Golden Boys (novel)
Author | Sonya Hartnett |
---|---|
Language | English |
Genre | novel |
Publisher | Penguin, Australia |
Publication date | 2014 |
Publication place | Australia |
Media type | Print (Paperback) |
Pages | 238 |
ISBN | 9781926428611 |
Preceded by | The Children of the King |
Golden Boys (2014) is a novel by Australian author Sonya Hartnett.[1]
Themes
[edit]Golden Boys is a novel of lost childhood innocence, and the loss of societal patterns of behaviour that allowed young children to roam the streets in the late 70s and early 80s.
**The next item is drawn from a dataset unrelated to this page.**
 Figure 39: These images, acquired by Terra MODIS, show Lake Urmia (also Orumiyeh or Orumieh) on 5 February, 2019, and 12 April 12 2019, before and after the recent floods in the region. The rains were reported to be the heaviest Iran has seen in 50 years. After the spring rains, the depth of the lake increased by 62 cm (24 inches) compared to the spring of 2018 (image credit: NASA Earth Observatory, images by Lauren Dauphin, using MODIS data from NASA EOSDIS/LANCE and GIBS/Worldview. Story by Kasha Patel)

The novel tells the story of two twelve-year-olds, Colt Jenson and Freya Kiley, who are moving out of childhood as they realise that their families have dark secrets.
Reviews
[edit]Linda Funnell in The Sydney Morning Herald found the novel considers many "sombre themes" but is "saturated in a suburban landscape of decades past, where boys ride bicycles through silent streets, play pinball machines at the local milk bar, and hang out in the mouth of the huge stormwater drain beside a patch of waste ground, untroubled by mobile phones or the internet."[2]
Victoria Flanagan in Sydney Review of Books noted that the author "has a talent for writing about difficult or contentious subjects in innovative and sensitive ways".[3]
Awards and nominations
[edit]- 2015 shortlisted Miles Franklin Award[4]
- 2015 winner Indie Book Awards Book of the Year – Fiction[5]
- 2015 longlisted Stella Prize[6]
- 2015 longlisted ASAL Awards — ALS Gold Medal[7]
References
[edit]- ^ "Golden Boys by Sonya Hartnett". National Library of Australia. Retrieved 26 May 2024.
- ^ "Sonya Harnett's Golden Boys is a tale of darkness in summer", The Sydney Morning Herald, 5 September 2014
- ^ "Not for Children", Sydney Review of Books, 10 October 2014
- ^ ""Miles Franklin Literary Award 2015 shortlist: Hartnett and London lead the field"". SMH, 18 May 2015. Retrieved 26 May 2024.
- ^ ""Indie Book Awards - Winners 2015"". Australian Independent Booksellers. Retrieved 26 May 2024.
- ^ "Longlist 2015". Stella. Archived from the original on 31 October 2022. Retrieved 26 May 2024.
- ^ ""ALS Longlist and NSW Premier's Literary Awards Shortlists"". Australian Women Writers Challenge. Retrieved 26 May 2024.